In 2002 - four years after inception - Google decided to perform an experiment. Restructure the company to be completely flat - No managers! Theoretically, this change would allow engineers to have complete freedom when developing applications, which in turn, would lead to greater innovation. While this idea may make sense to some, the experiment only lasted a few short months before being shut down.
The reason we don't see a completely-flat Google today is twofold. Firstly, managers (and other means of organizational structure) reduce the communication complexity that exists in all organizations - the more people or "nodes" you need to connect to, the more difficult communication becomes. With some hierarchy, you can delegate approving vacations or expense reports, handle interpersonal conflicts, and have more people to deal with day-to-day issues and questions.

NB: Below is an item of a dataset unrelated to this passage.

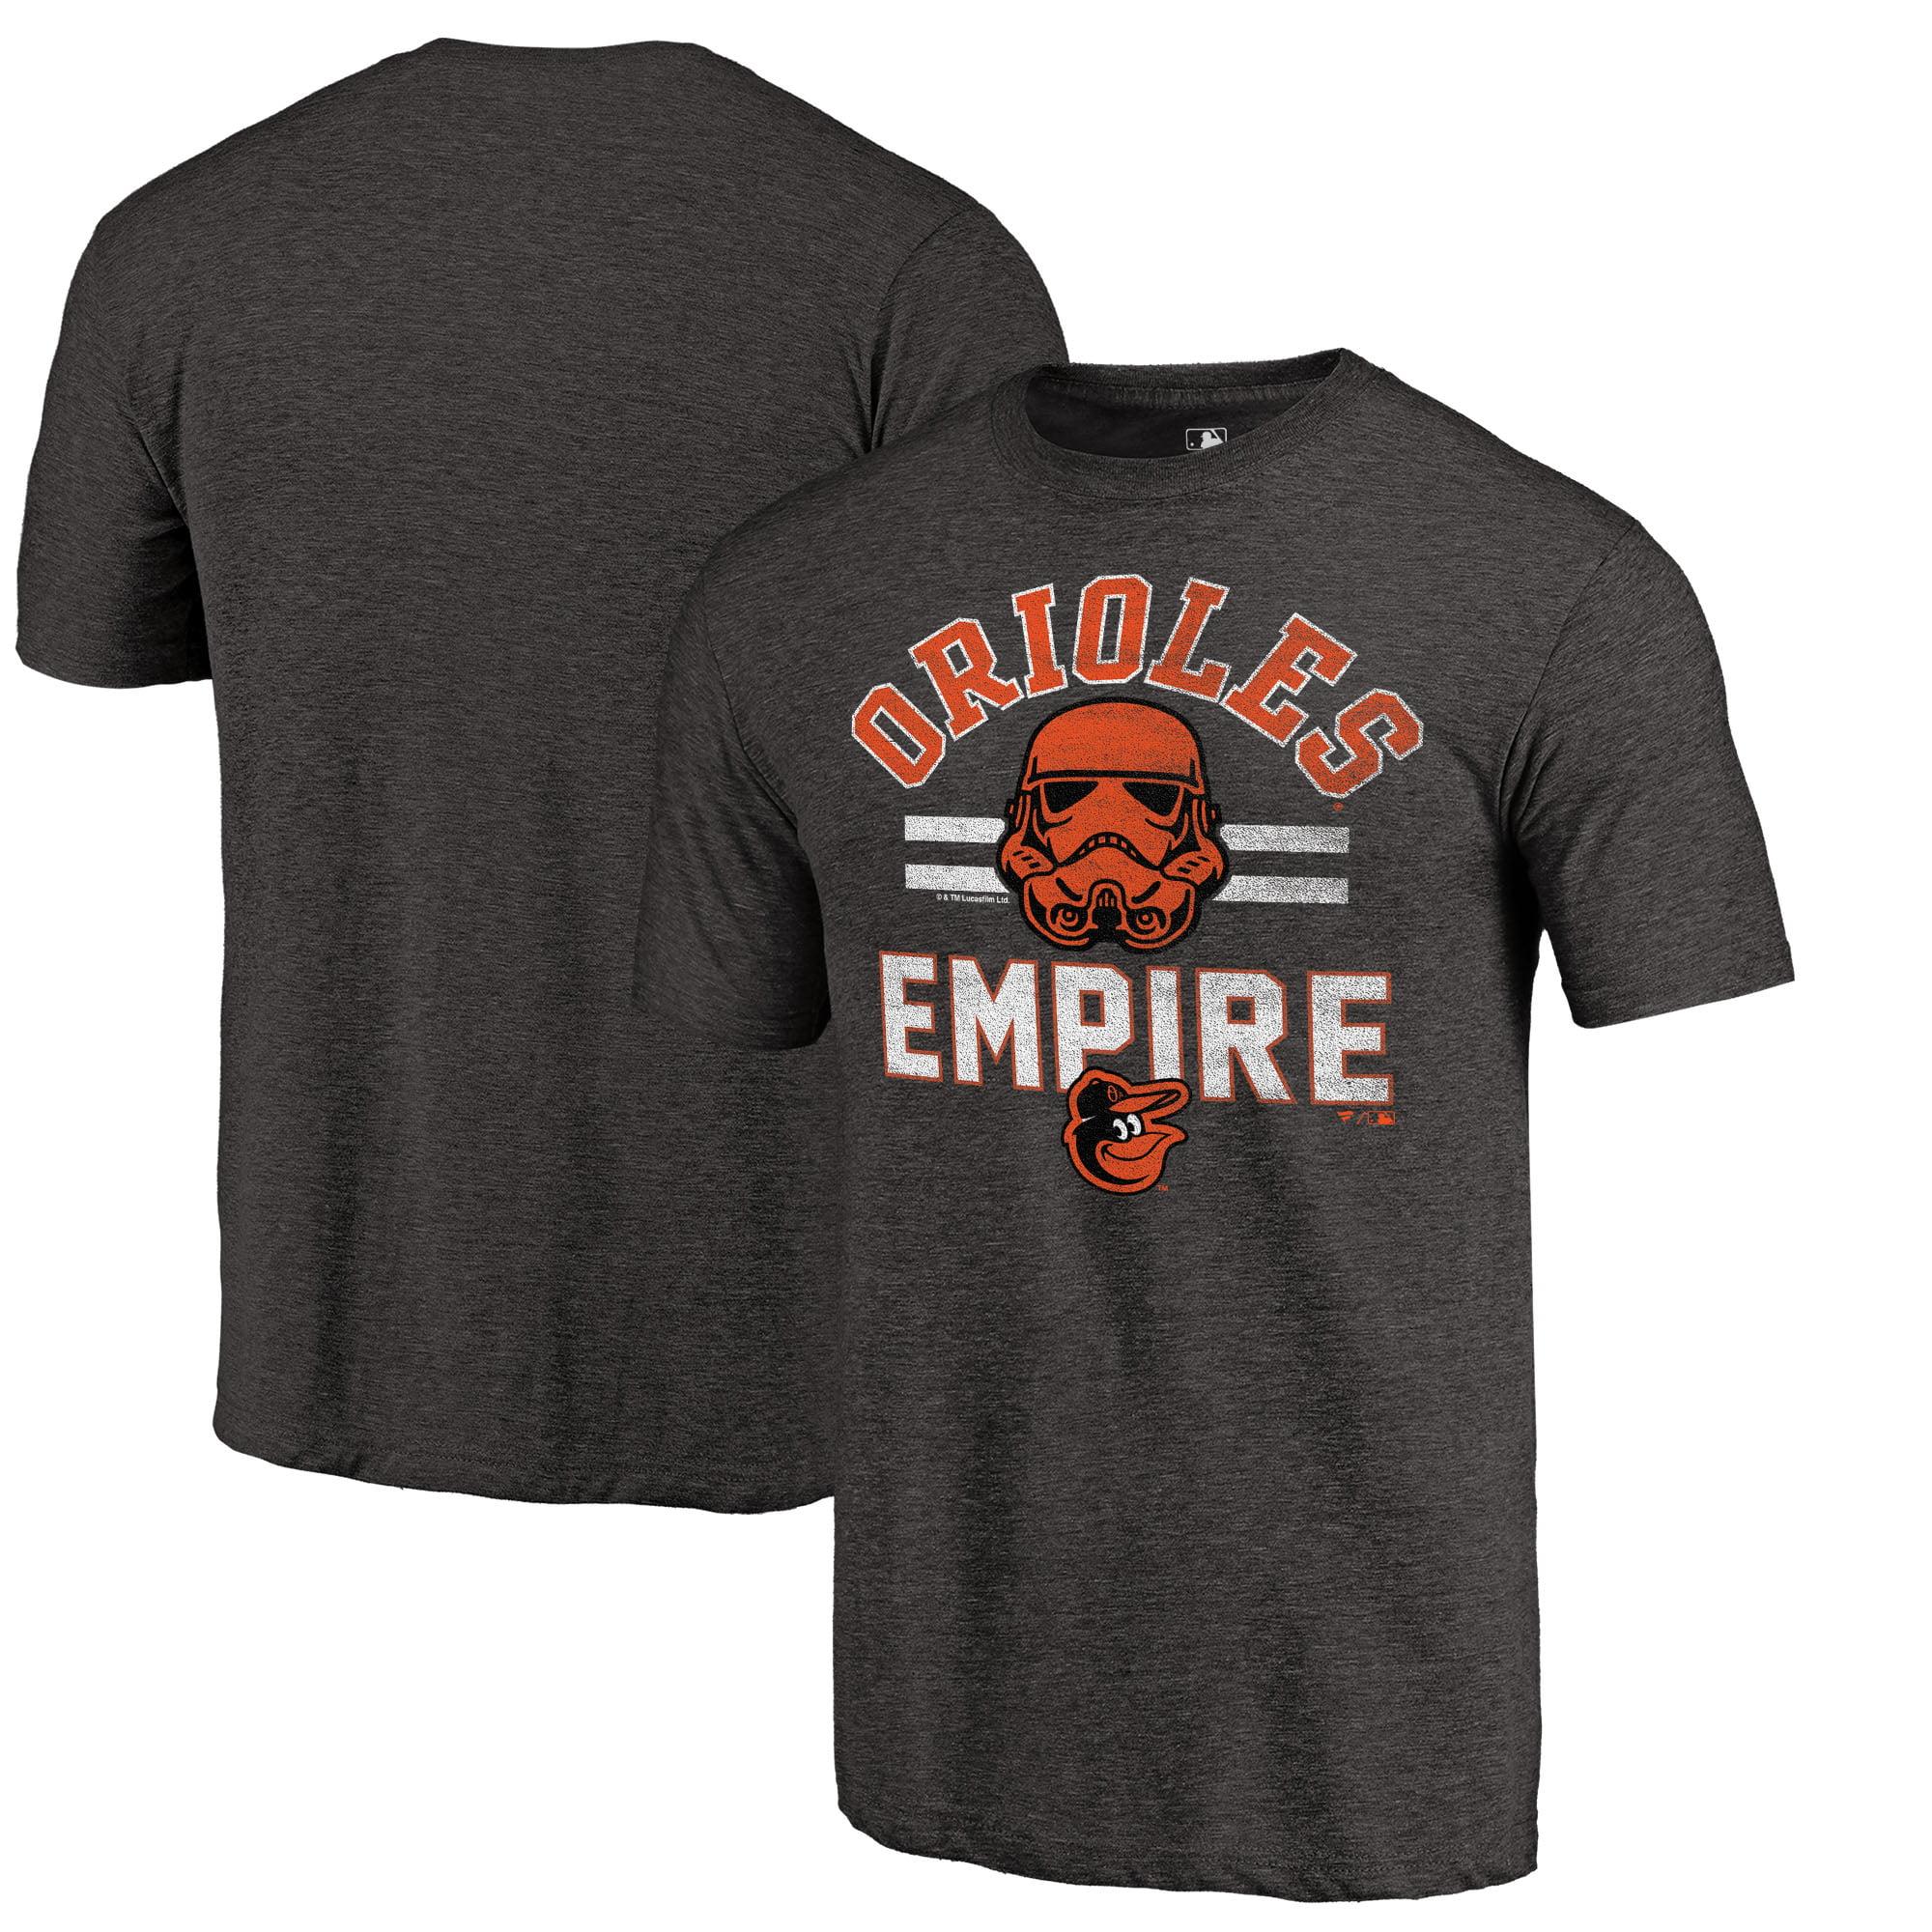 Baltimore Orioles Fanatics Branded MLB Star Wars Empire Tri-Blend T-Shirt - Black

As the flatness of the organization approaches zero, the CEO is burdened with too much administrative-trivia and therefore is unable to focus on shaping a vision for the future.
Secondly, and perhaps just as important, managers have the greatest influence on their direct reports in comparison to anyone else in the company. This means that your manager has the power to make your life either awesome or miserable. Great managers stretch their team and help them grow individually and as a group. Poor managers introduce stress and dysfunction into the professional lives of their direct reports which, more often than not, carries over into their personal lives.
Engineers hate being micromanaged on the technical side,” he
observes, “but they love being closely managed on the career side. - Eric Clayberg (Googler - HBR December 2013)
According to Google, a good manager:
- Is a good coach
- Empowers the team and does not micromanage
- Expresses interest and concern for team members' success and personal well-being
- Is productive and results-oriented
- Is a good communicator - listens and shares information
- Helps with career development
- Has a clear vision and strategy for the team
- Has key technical skills that help him or her advise the team
Now, if you are like me, your initial reaction to this list was "yeah, that makes sense". And, while the advice above seems obvious, it carries with it the exact same rigor and analysis Google puts into every one of their projects. This means, you now have a concrete set of criteria to judge yourself against and improve upon. No more guessing about what behaviors are important, the groundwork has already been done for you.
One of the findings I found most interesting was that lowest scoring managers improved the most. This is both powerful and encouraging since making a few small adjustments to your management style can significantly improve your skills as a manager, as well as how much your team values you. You don't have to change who you are you only need to focus on what you do to be successful.
Managing people is a big deal. You play a significant role in the success and job satisfaction of your direct reports. They rely on you to act fairly and help them get better every year. Google's research into the topic of what makes a good manager gives us an actionable framework to assess and improve our skills to ensure our team is happy and we are getting their very best.